/ dns

The site's down! Quick! Tell the customers!

Today Zerigo, a major DNS provider, went offline for an extended vacation.

It's going on 10 hours since they've gone down and their status page and Twitter haven't been updated in over two hours.  Does this make me happy as a customer?  (NO, NO IT DOES NOT AT ALL — ed.)

Long-term success comes from making customer relationships the HIGHEST priority.  I'd even place it one peg higher than actually fixing the problem.  Of course the problem needs to be fixed, and right quick!  But unless the problem is truly a "one minute fix," sending information to the customers should be the very first thing that an Ops team does!

"The site's down, I don't know why"

This is what's running through your customer's mind.  All it takes is ONE tweet, one update to the status page: "Hey, we know this is down!  We're on it and will let you know what's up ASAP."  In the absence of that tiny scrap of information customers are left with… vague uncertainty, and the seeds of distrust.

Don't let that distrust grow for even a second—tell the customer NOW what's going on and fix it as soon as possible.  If it takes longer than 10–15 minutes to fix, update customers again so they know what's happening.  Keep updating them until the problem's completely fixed!

Communicate Consistently

This is something we try very hard to do at my current workplace.  We have businesses relying on us for their main revenue source, and we necessarily take downtime very seriously.

But we still let the customer know what's happening—almost as soon as we know it ourselves!  This means working together as a team, planning in advance, and having tools and systems in place to make this kind of communication as easy as possible.
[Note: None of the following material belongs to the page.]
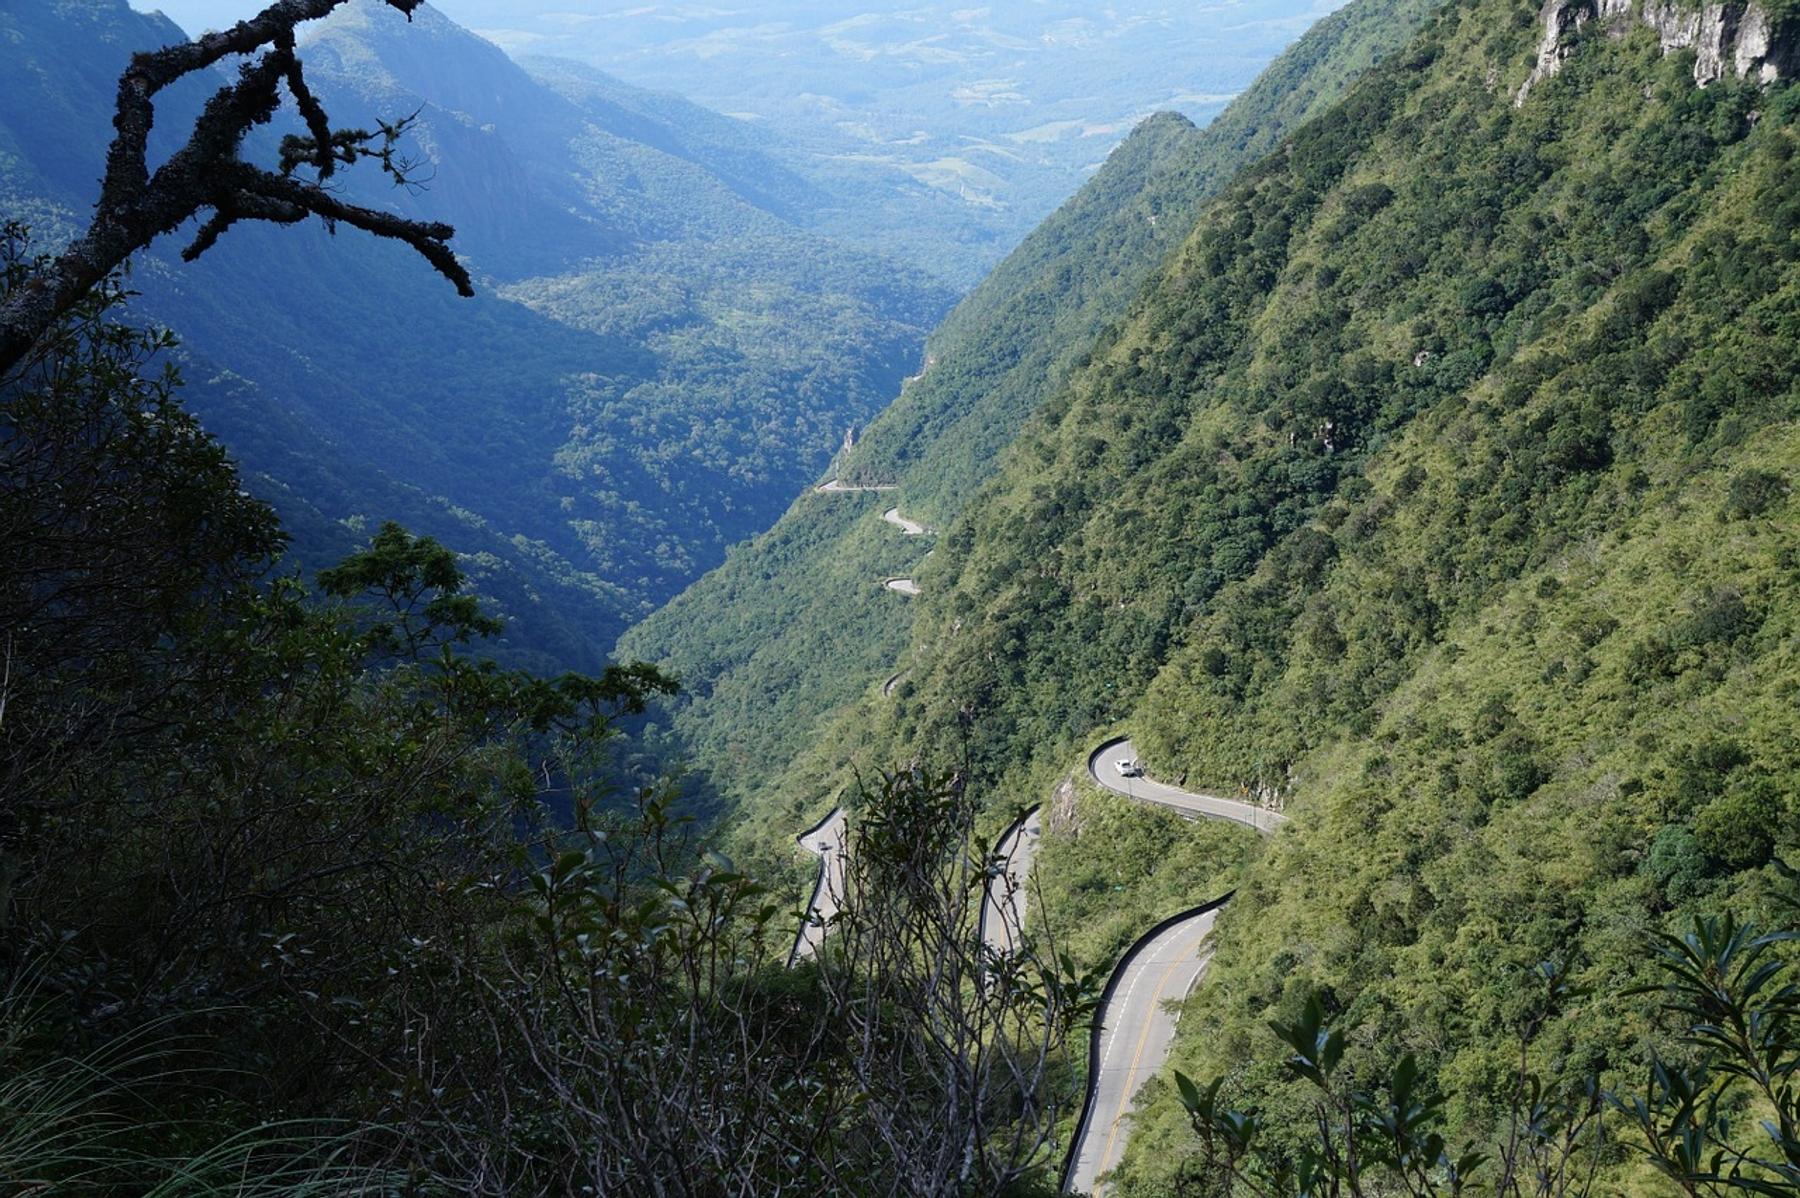 Foto da Serra do Rio do Rastro, uma das estradas mais bonitas do Brasil.

"Tell the customer first" is the opposite of usual Ops behavior—when downtime hits, updating the status page is the LAST thing that's usually thought of.  FIRST, put out the fire, then update status and Twitter when the flames die back.  If you were quick enough, maybe no one noticed the downtime and you don't have to update at all!

What's the problem with this approach?  It's utterly invisible to the customer.  The customer is indeed well served by a quick resolution to the problem.
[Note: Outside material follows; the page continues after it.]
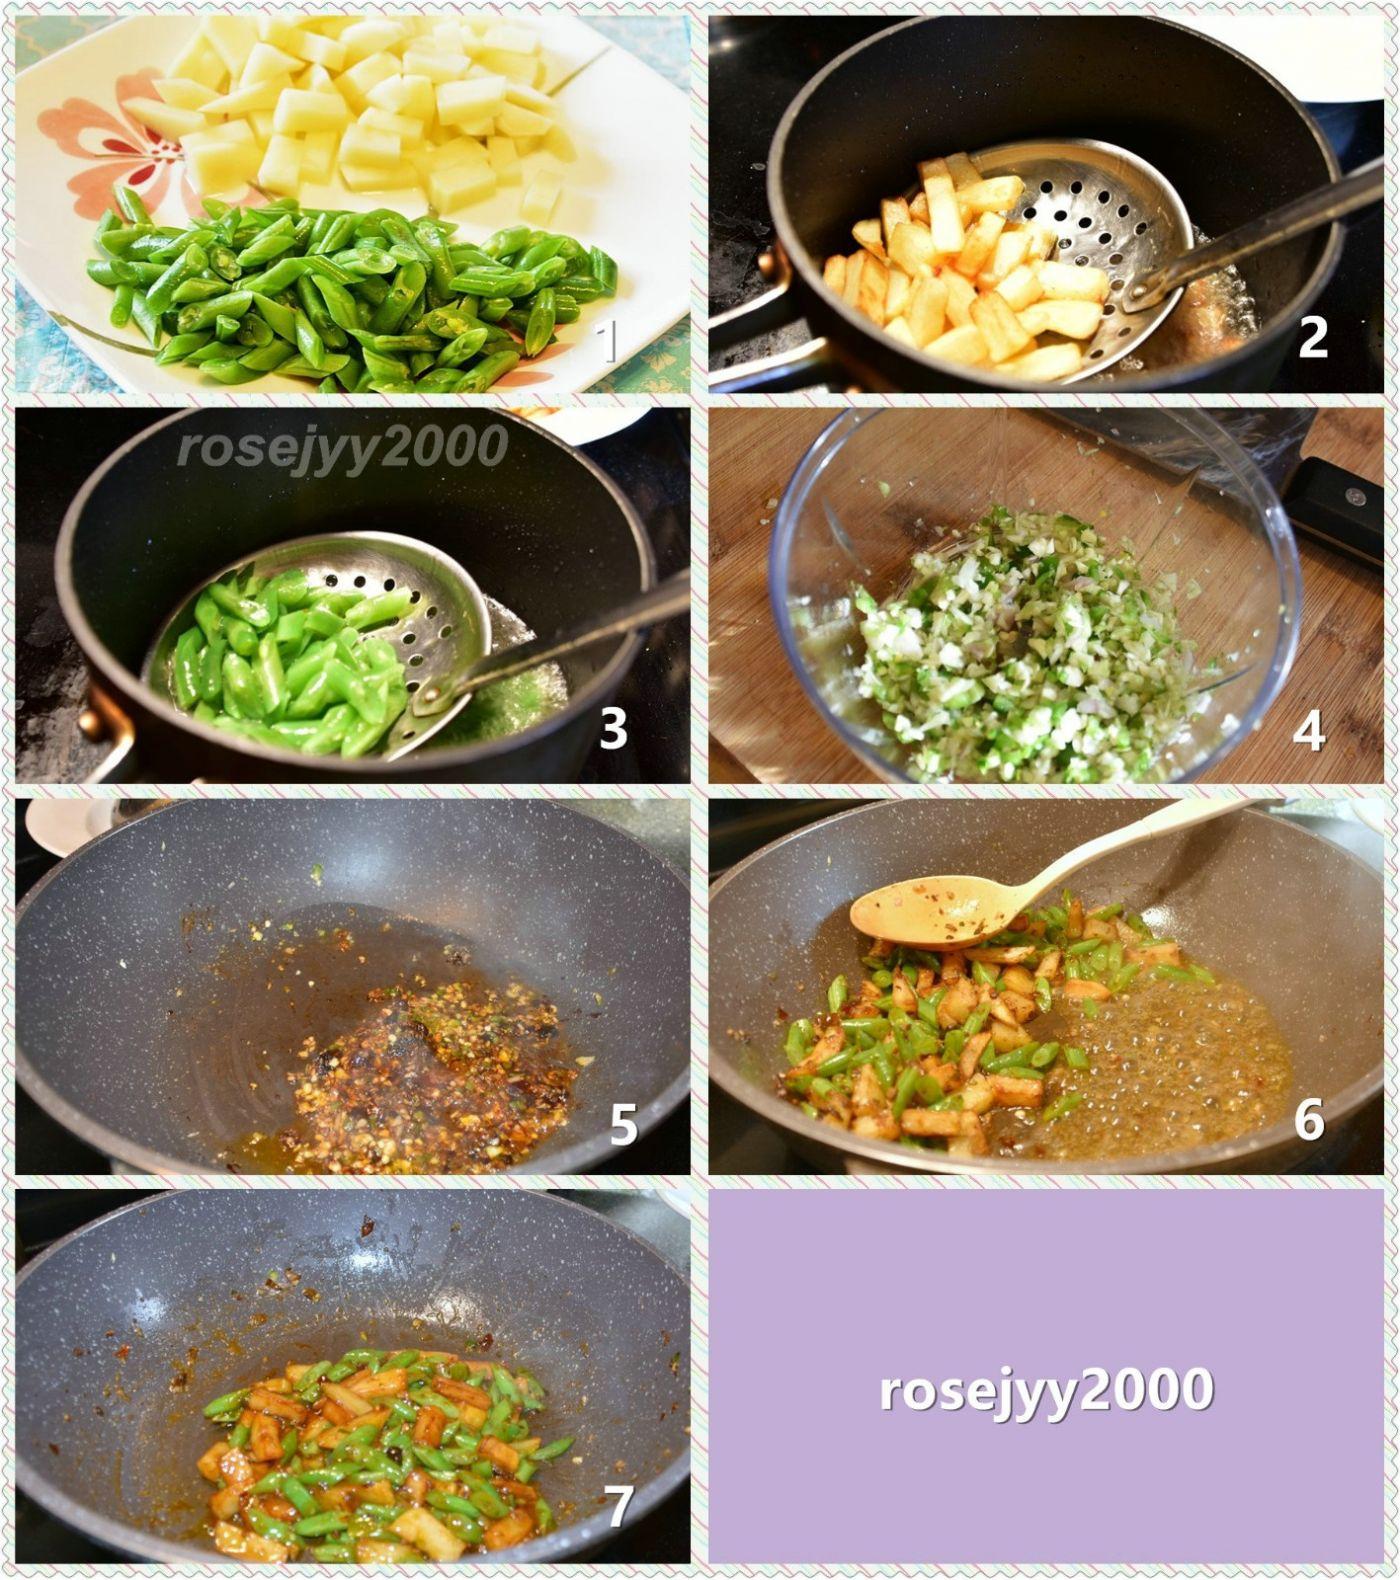 酱香土豆四季豆_图1-2

But what if it's not quick?  And what about the 100 people that DID notice during that "one minute" that aren't going to email you demanding explanation?  How many will simply go elsewhere?

Empower your Ops

This is why Ops teams should have access to your company's Twitter feed.  This is why you need a status page.  Posting to these things should be as low-friction as possible.  This is why you need a culture of sharing critical information with customers as soon as you're made aware of it.

Customers can forgive downtime, even extended downtimes, so long as there's a good explanation, a sincere apology, and steps taken to ensure that it won't happen again.  Communication goes a long way toward keeping good will, and I'd rather err on the side of over-communication than leave people scratching their heads, gnashing their teeth, and pounding their keyboards in frustration.